--- Given information ---

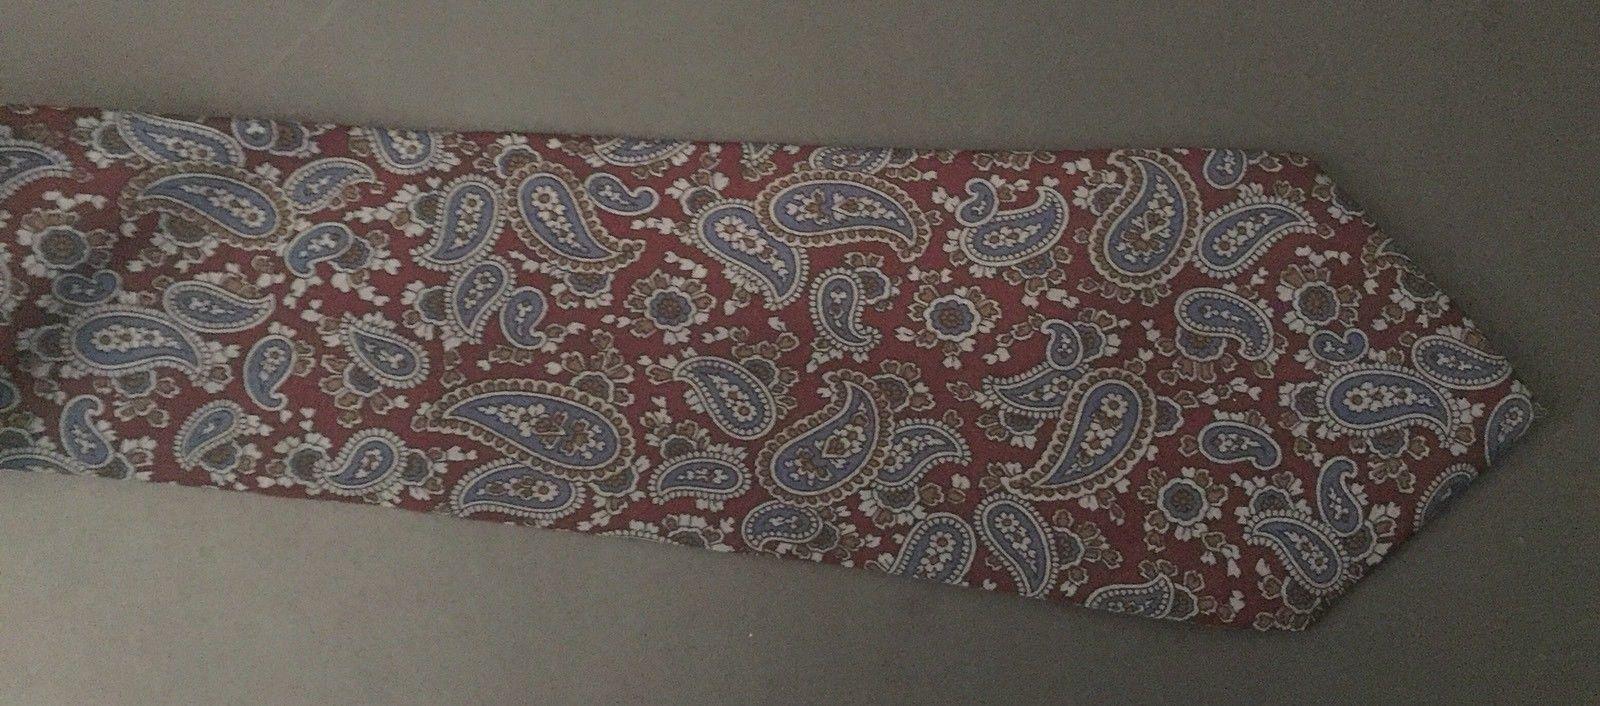 Geoffrey Beene Dark Paisley Tie Necktie Burgundy Blue Cohoes Silk Italian Made image 2
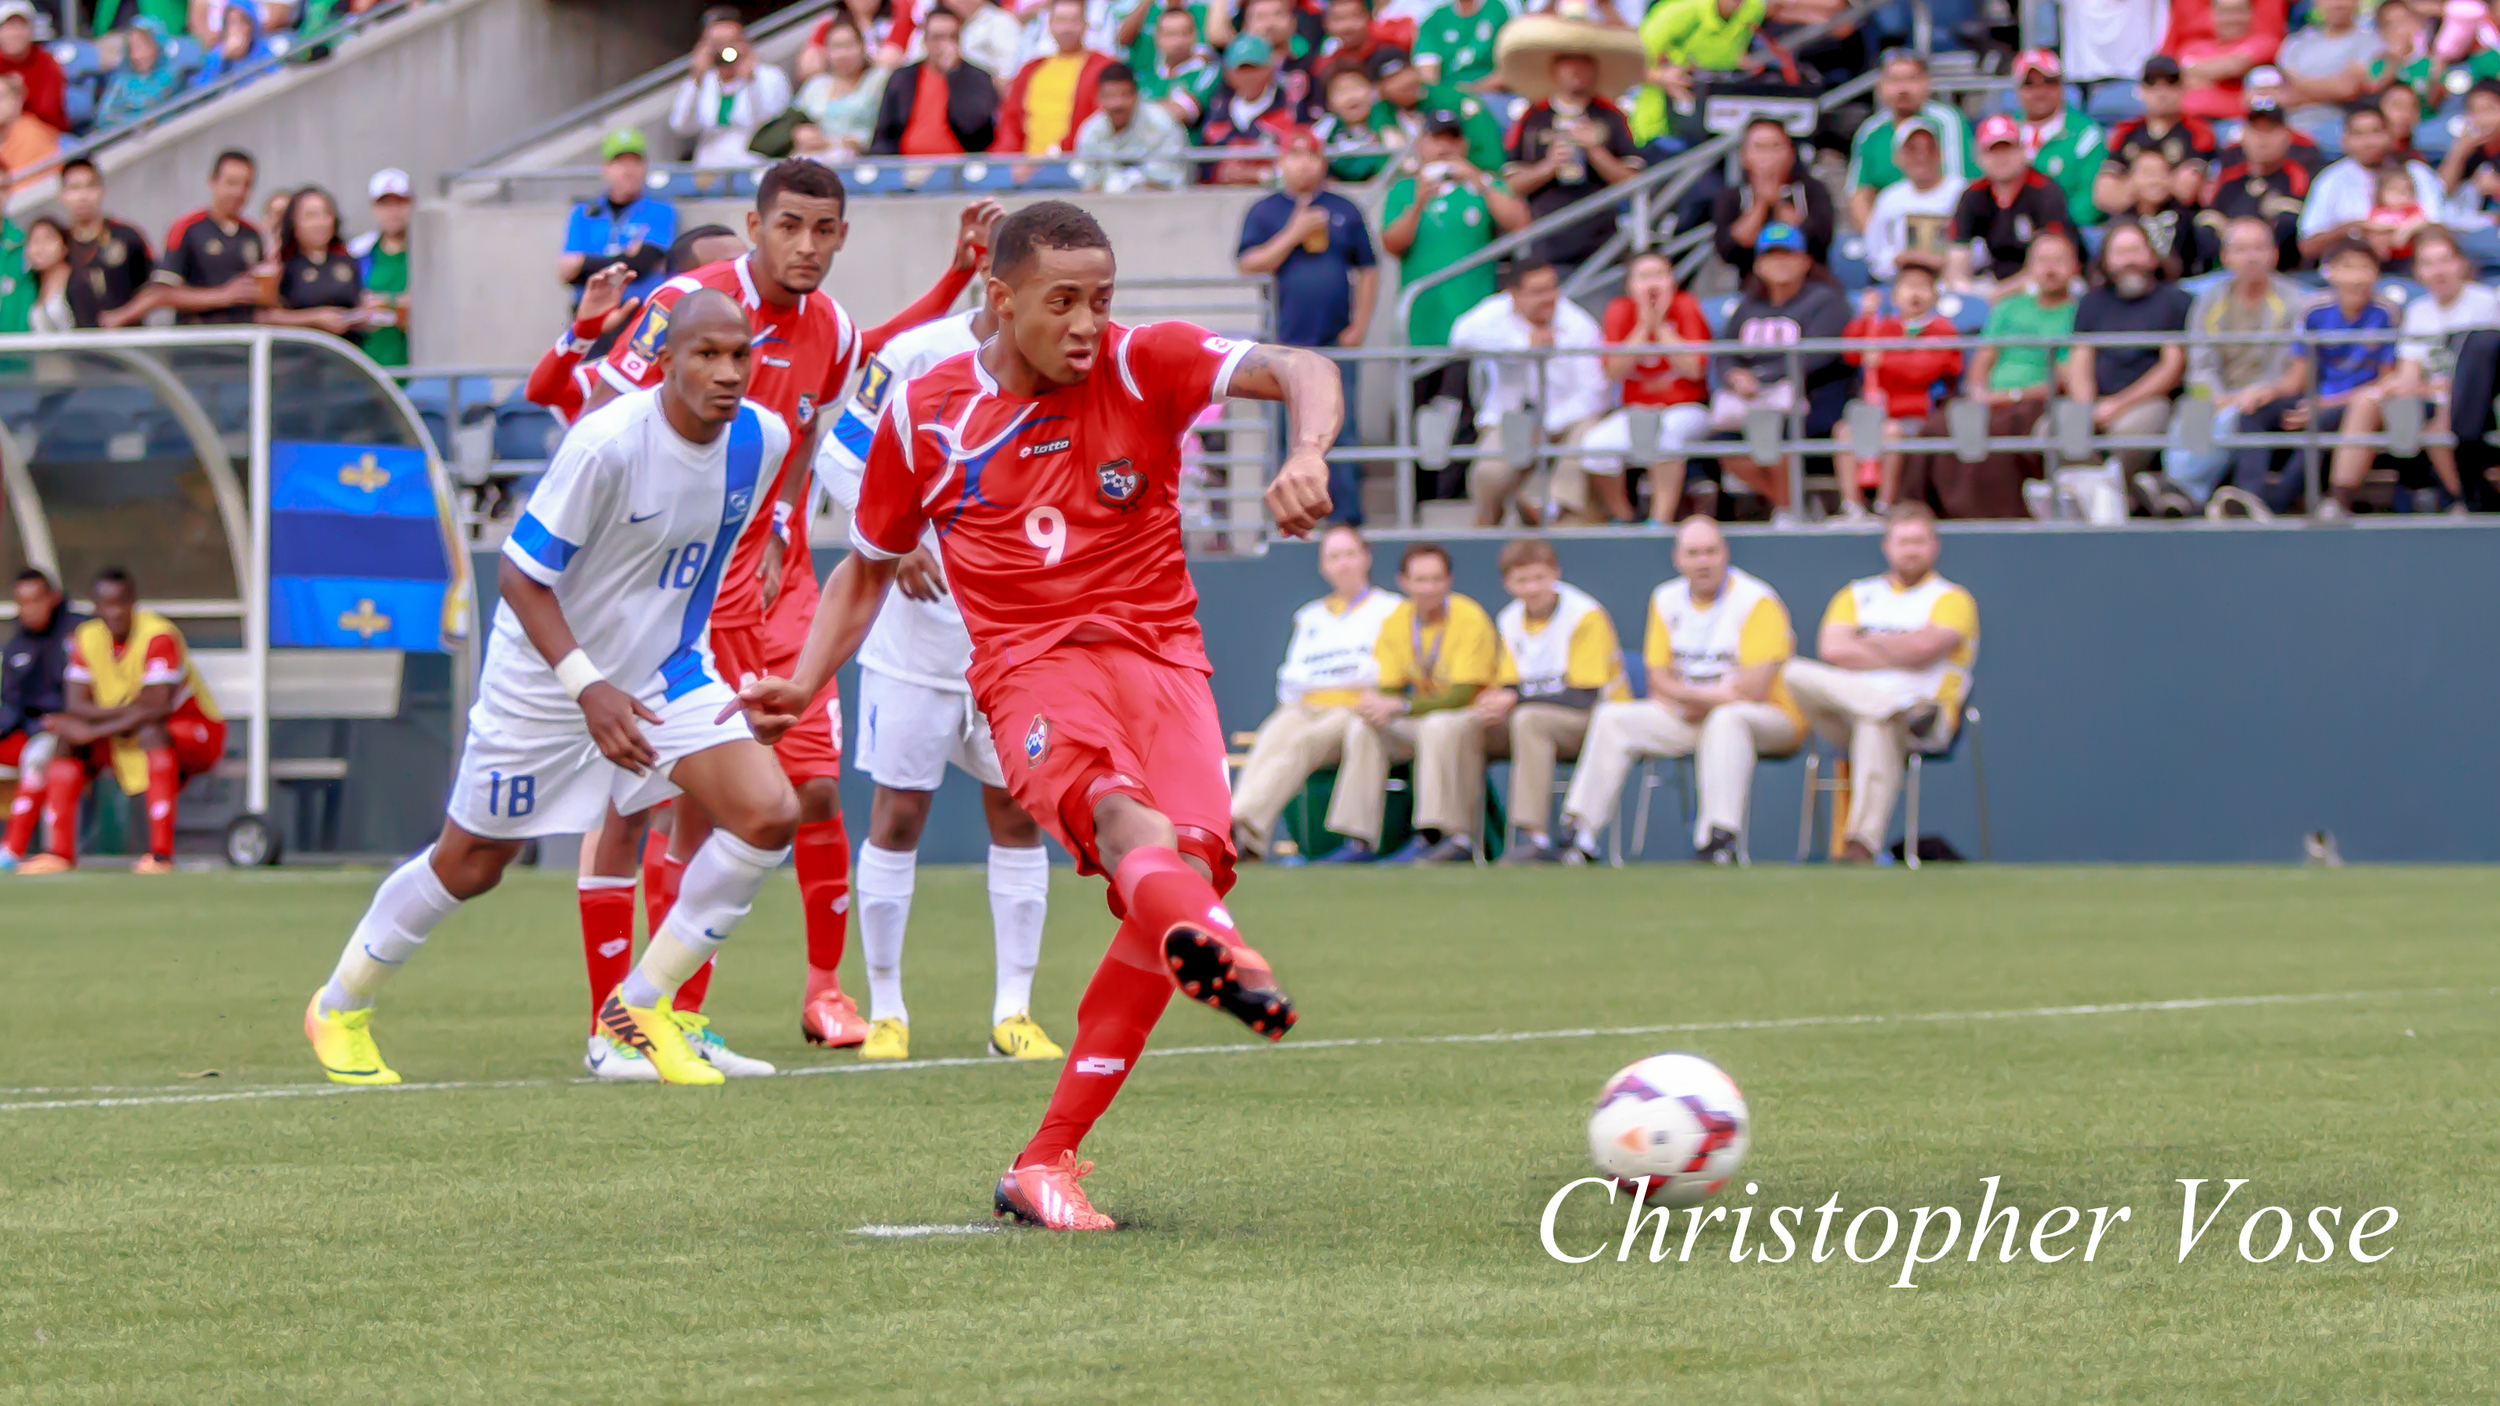 2013-07-11 Gabriel Torres Goal (Penalty Kick).jpg
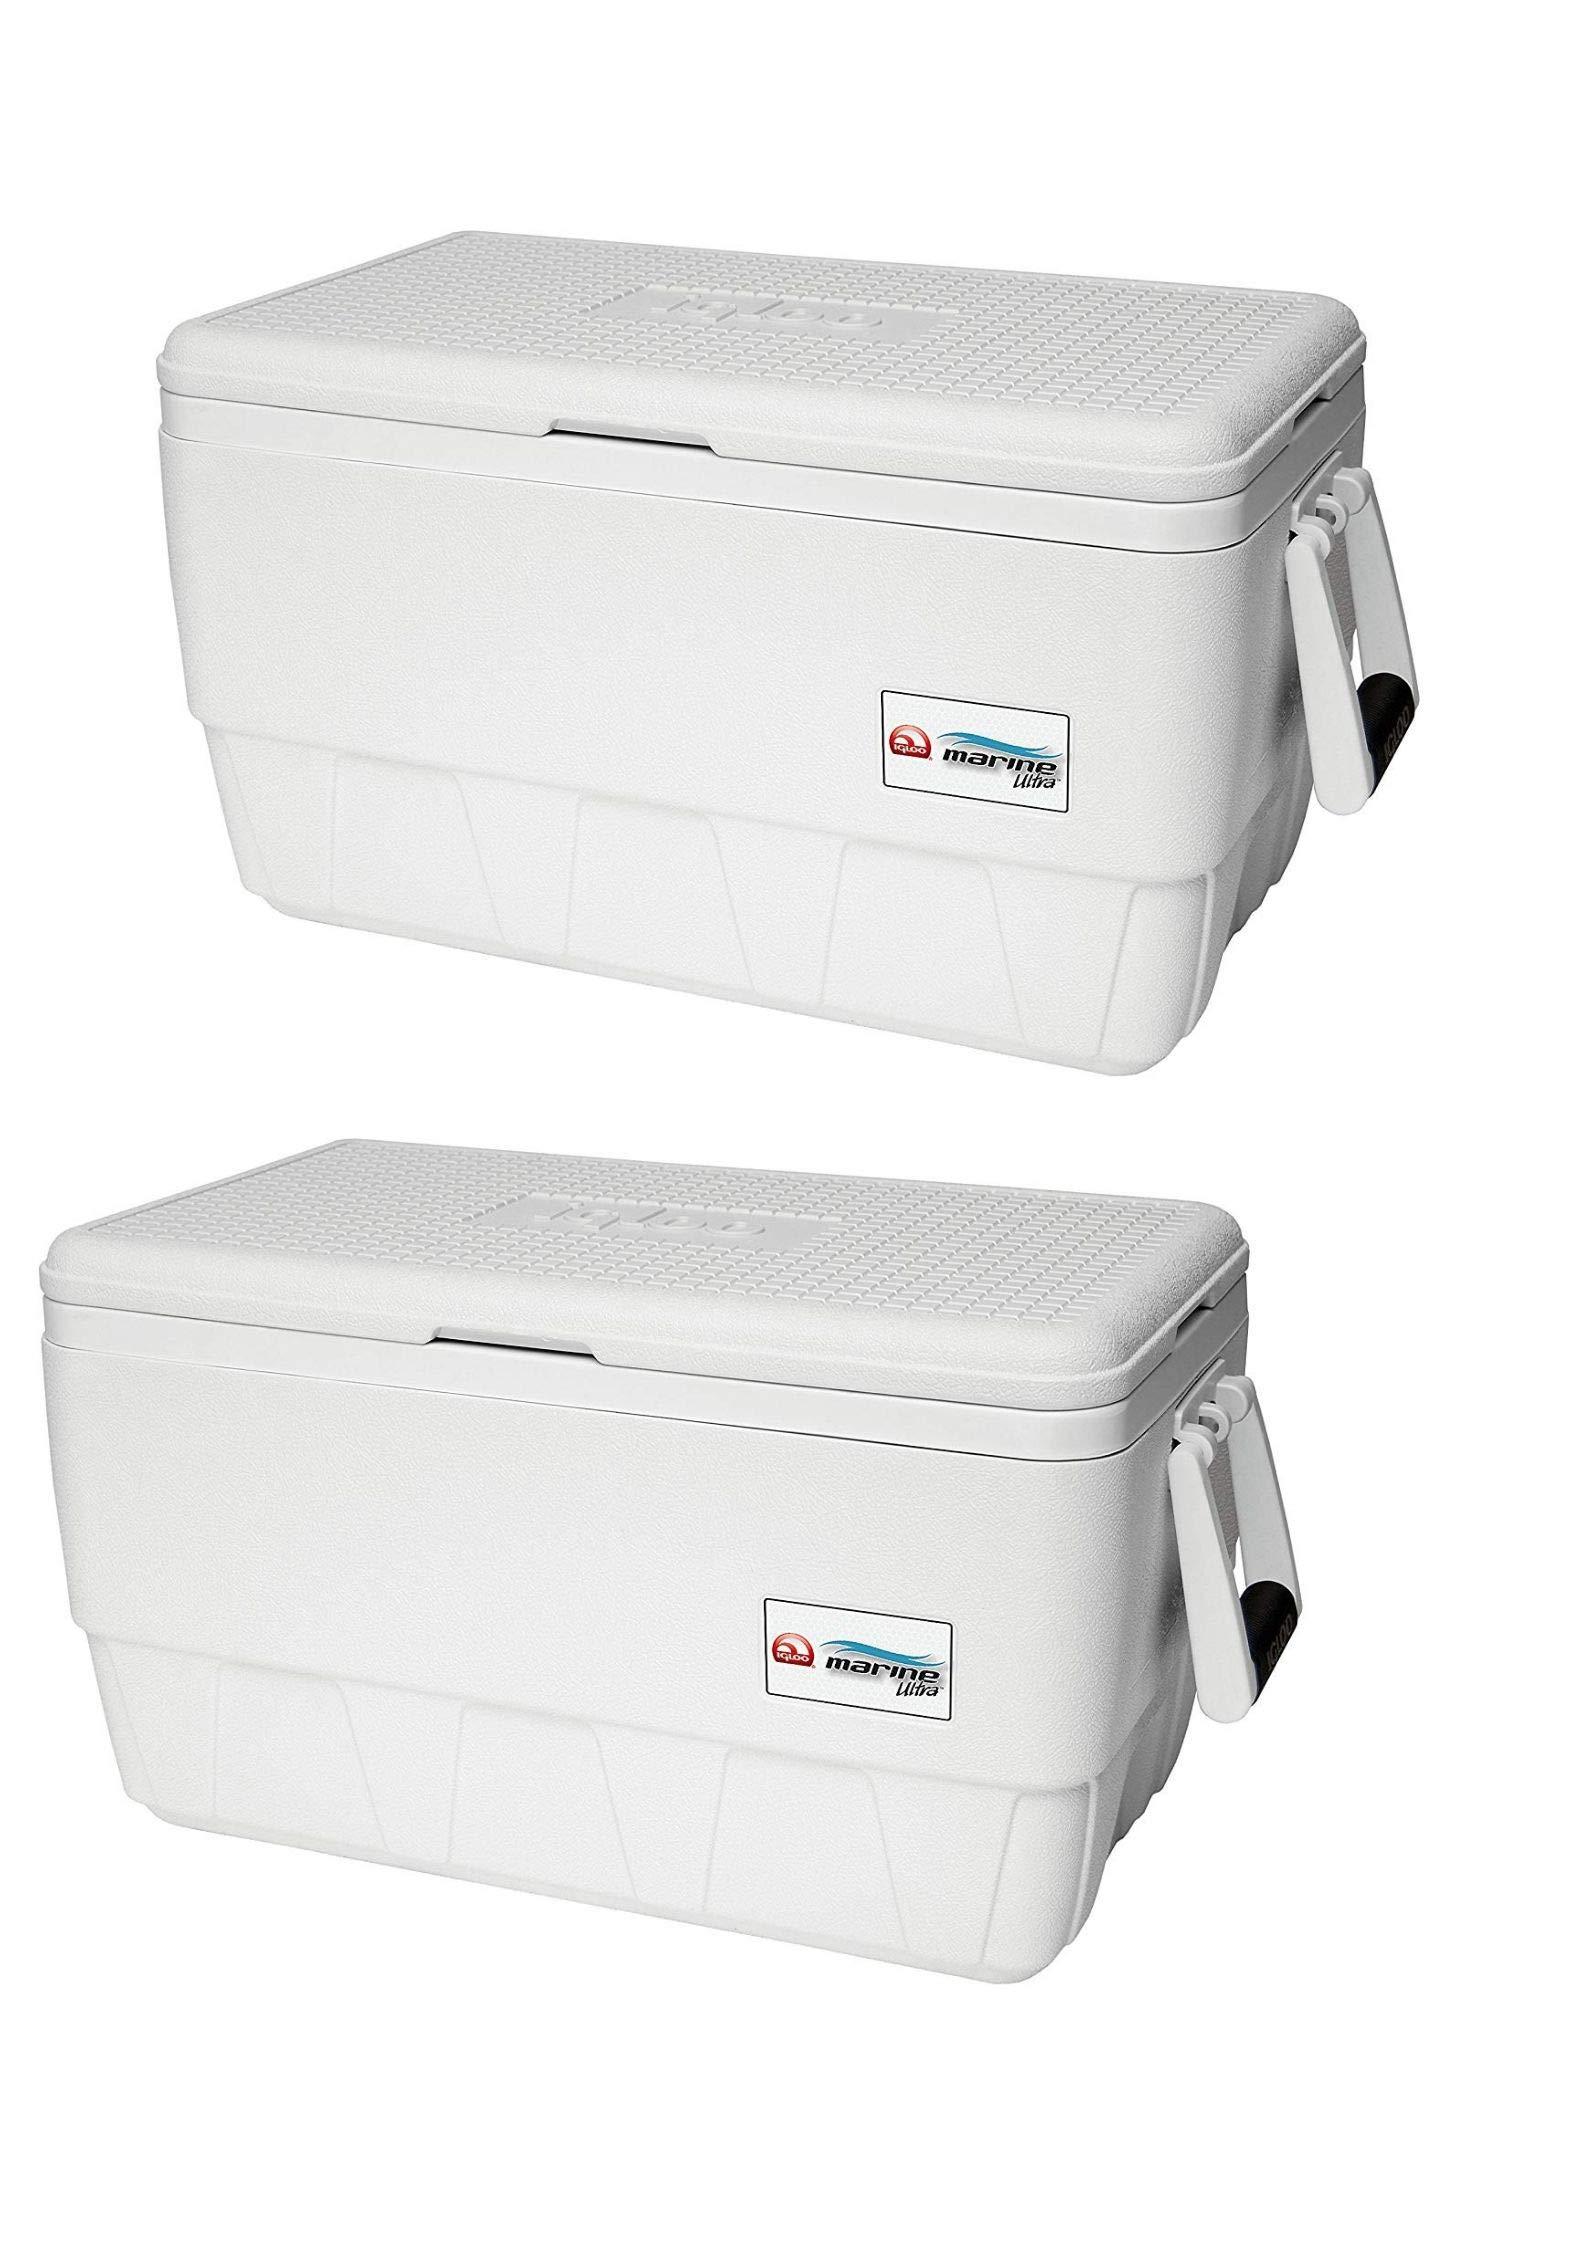 Igloo Marine Ultra 36 Cooler (36-Quart/Pack of 2) by Igloo

---

### [Task item]
Print the data above exactly; drop every picture.

### [The completed task]
 Geoffrey Beene Dark Paisley Tie Necktie Burgundy Blue Cohoes Silk Italian Made image 2
 2013-07-11 Gabriel Torres Goal (Penalty Kick).jpg
 Igloo Marine Ultra 36 Cooler (36-Quart/Pack of 2) by Igloo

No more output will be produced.